Additionally, post-fracture operations on rats were subjected to conventional radiological examination, where X-rays of the tibia and fibula were taken using a Direct Radiography (DR) system in both anterior-posterior and lateral views to observe and document the location, type, and severity of the fracture, aiding in a more accurate evaluation of the multiple trauma model’s effectiveness.

To ensure the objectivity of the data and minimize researcher bias, this study employed an independent blind assessment. All histological samples were evaluated by external pathologists who were not involved in the experimental design or execution. Before evaluation, all samples were randomized and coded to ensure blinding in the assessment. Pathologists scored the samples based on pre-established standardized scoring systems, and the scoring results were used for subsequent statistical analyses.

Blood sample collection and analysis methods

In this study, the initial blood sample collection in rats was performed post-anesthesia before inducing multiple traumas and hemorrhagic shock (time point 0), serving as self-control. Subsequently, additional blood samples were collected at 30, 60, 90, 120, and 150 min post hemorrhagic shock induction. The initial blood volume collected was 630 μL, with the addition of 70 μL of 3.2% sodium citrate as an anticoagulant. All blood samples were centrifuged at 2000×g for 10 min to collect the supernatant for analyzing PT, APTT, International Normalized Ratio (INR), Fib, and D-dimer levels using the Sysmex CA-7000 automated coagulation analyzer. PLT count was determined microscopically after treatment with potassium EDTA. The second blood collection volume was 1 mL, immediately transferred to a tube without an anticoagulant, left to stand at room temperature for 30 min, and centrifuged at 3,000 × g for 15 min to separate serum. The collected serum was promptly transferred to a −80°C freezer for subsequent biochemical analysis. Using reagent kits provided by the American R&D company, TNF-α, IL-6 concentrations, and Syndecan-1 levels in rat plasma were measured by enzyme-linked immunosorbent assay (ELISA) following the kit instructions. The experiment ended at 150 min, at which point euthanasia was performed on the animals. Liver, small intestine, and right leg skeletal muscle tissues were then collected for future histological examination (Table 1).

Table 1

Table 1. Heterogeneity analysis of initial APTT, platelet count, breath rate, and blood pressure parameters.

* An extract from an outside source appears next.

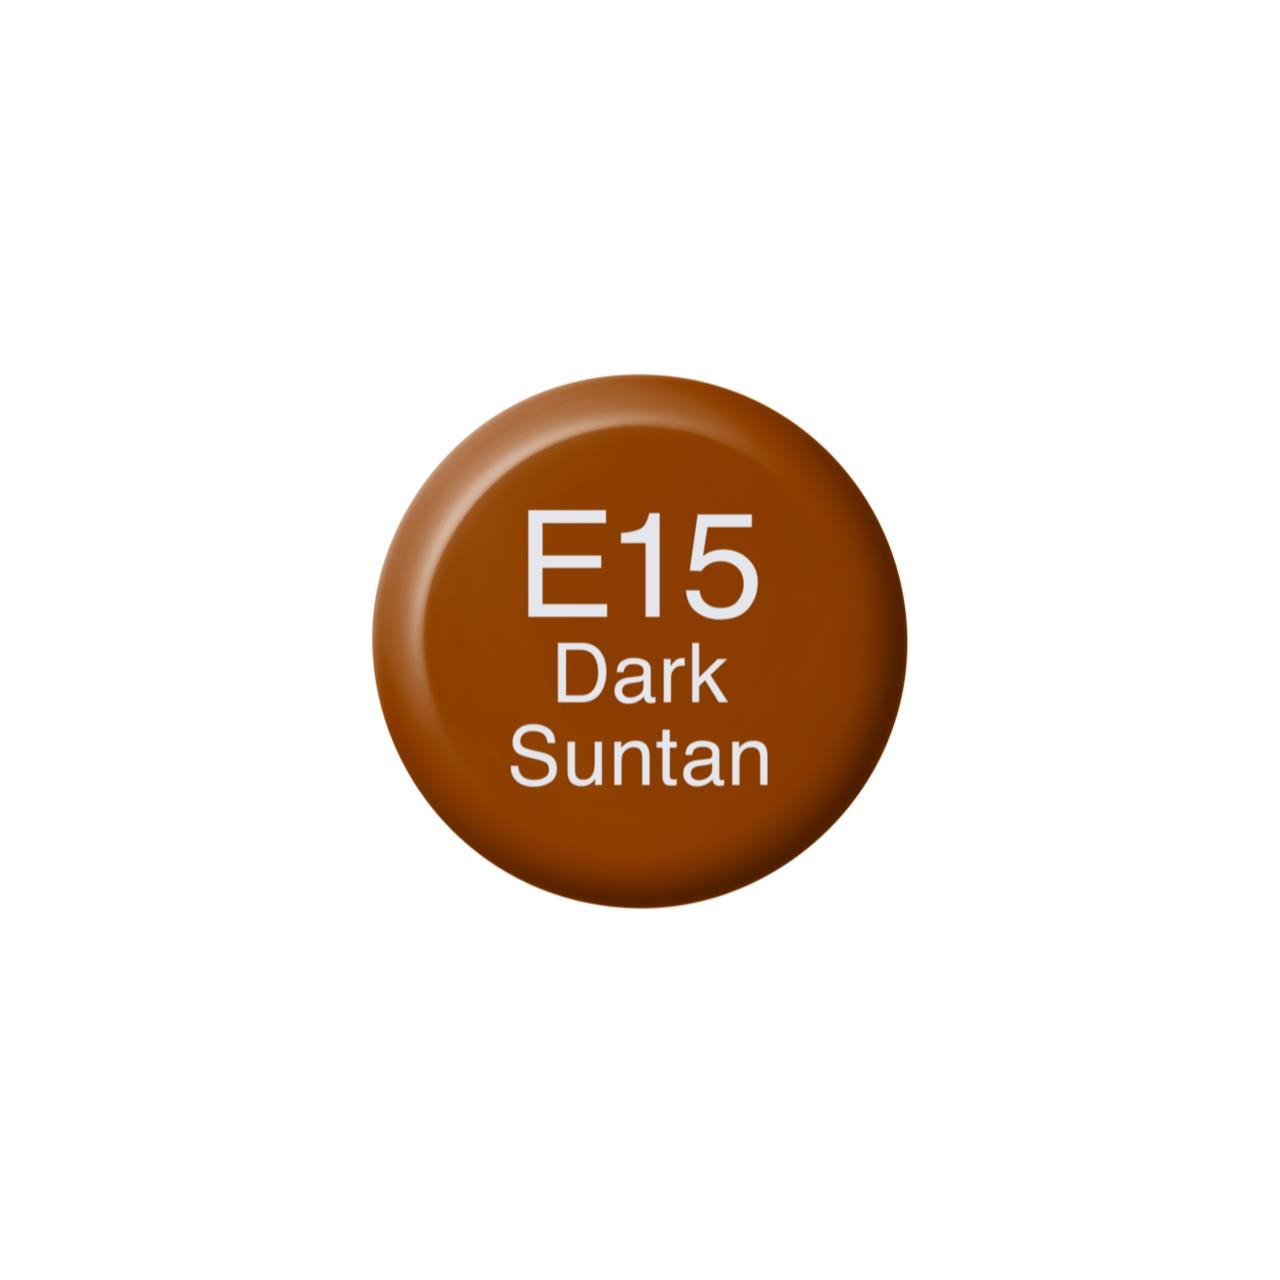 E15 Dark Suntan, Copic Ink - 4511338056691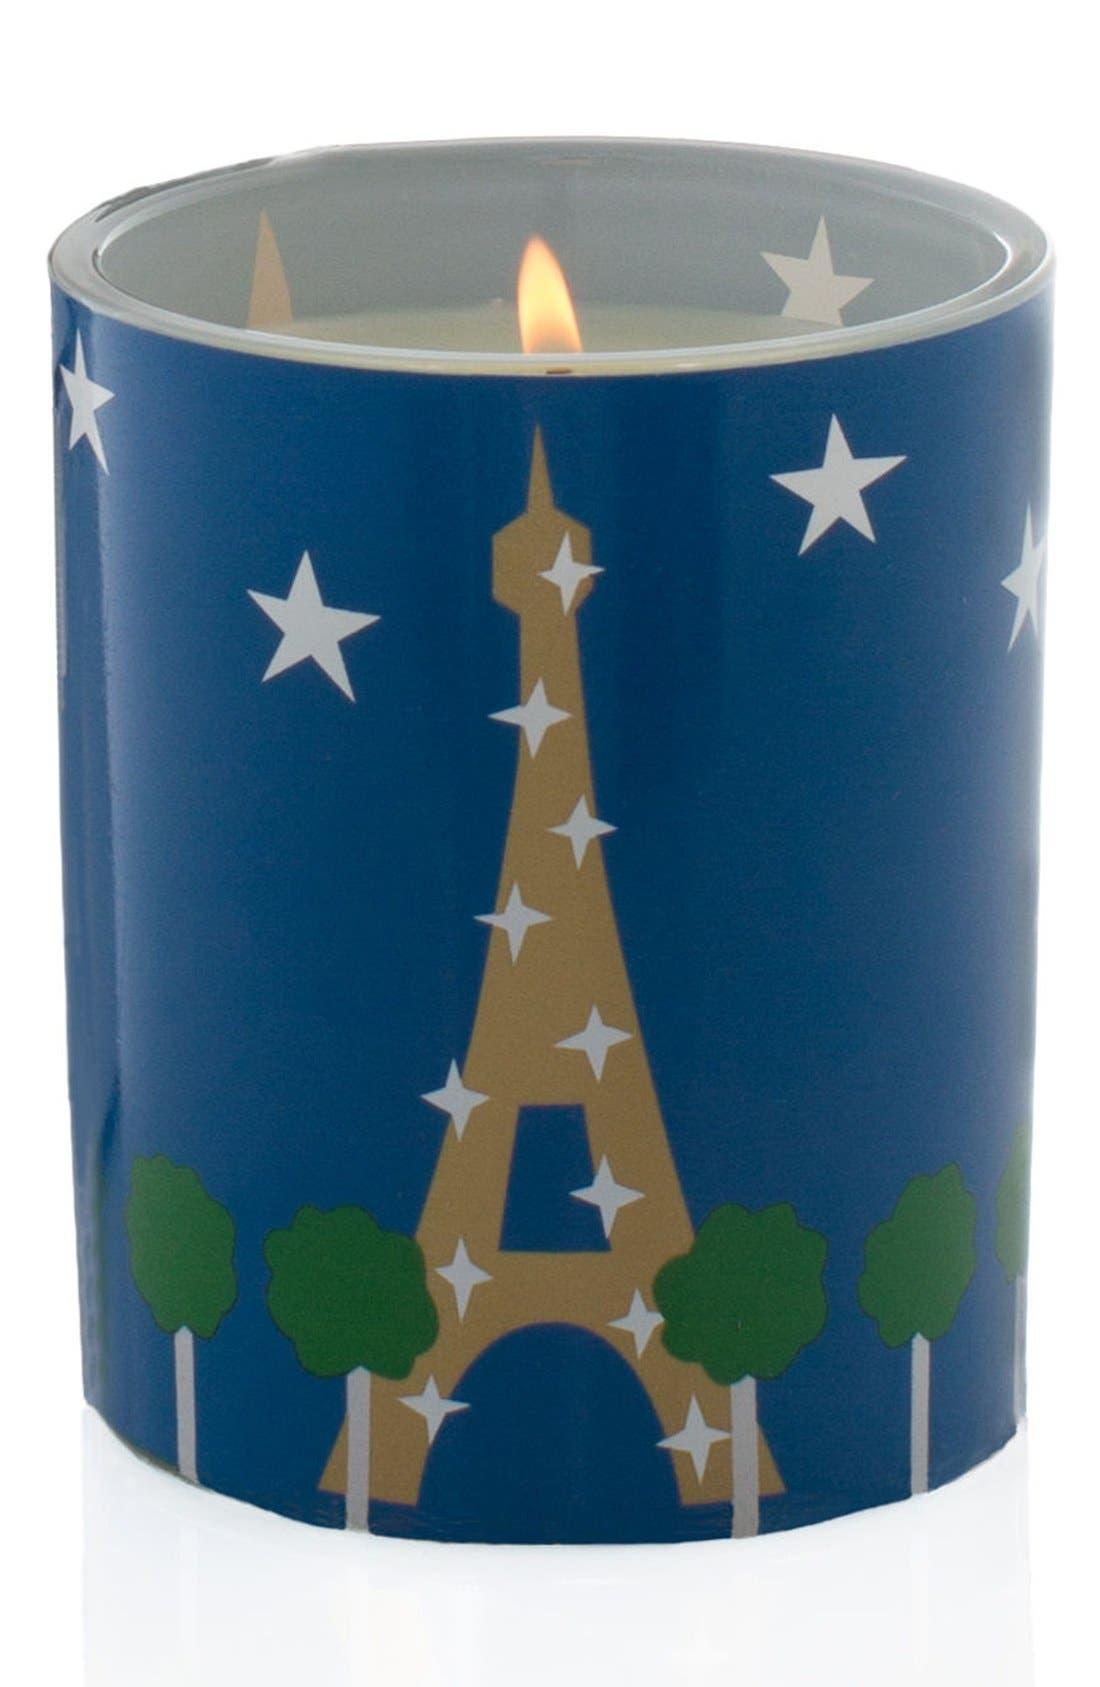 R. Nichols 'Paris' Scented Candle

Statistical analysis methods

This study primarily utilized SPSS software (version 26.0, IBM Corp., Armonk, NY, USA) for statistical processing, and numerical data were expressed as mean ± standard deviation (Mean ± SD). The paired Wilcoxon test was employed to analyze the data of the Multiple traumas group at different time points (30, 60, 90, 120, 150 min) compared to baseline (0 min) to investigate the changes in coagulation indicators, inflammatory factors, and vital signs over time. Spearman’s rank correlation was applied to explore the correlation between PLT count after Multiple traumas and inflammatory factors (TNF-α and IL-6). A significance level of 0.05 was set. Finally, line trend graphs and box plots were used to describe the trends of APTT and PLT over time to identify potential peak points throughout the process.

Results

Observation of tissue damage after multiple traumas and shock

Multiple trauma and shock are clinically significant syndromes that pose a serious threat to life. Their complex pathological mechanisms involve damage responses in multiple organs and systems. This study aimed to provide theoretical support for clinical treatment by investigating the effects of multiple trauma and shock on the liver, small intestine, and skeletal muscle. A specially designed atraumatic vascular clamp was used to induce crush injuries in these organs in rats, followed by detailed pathological observations post-injury.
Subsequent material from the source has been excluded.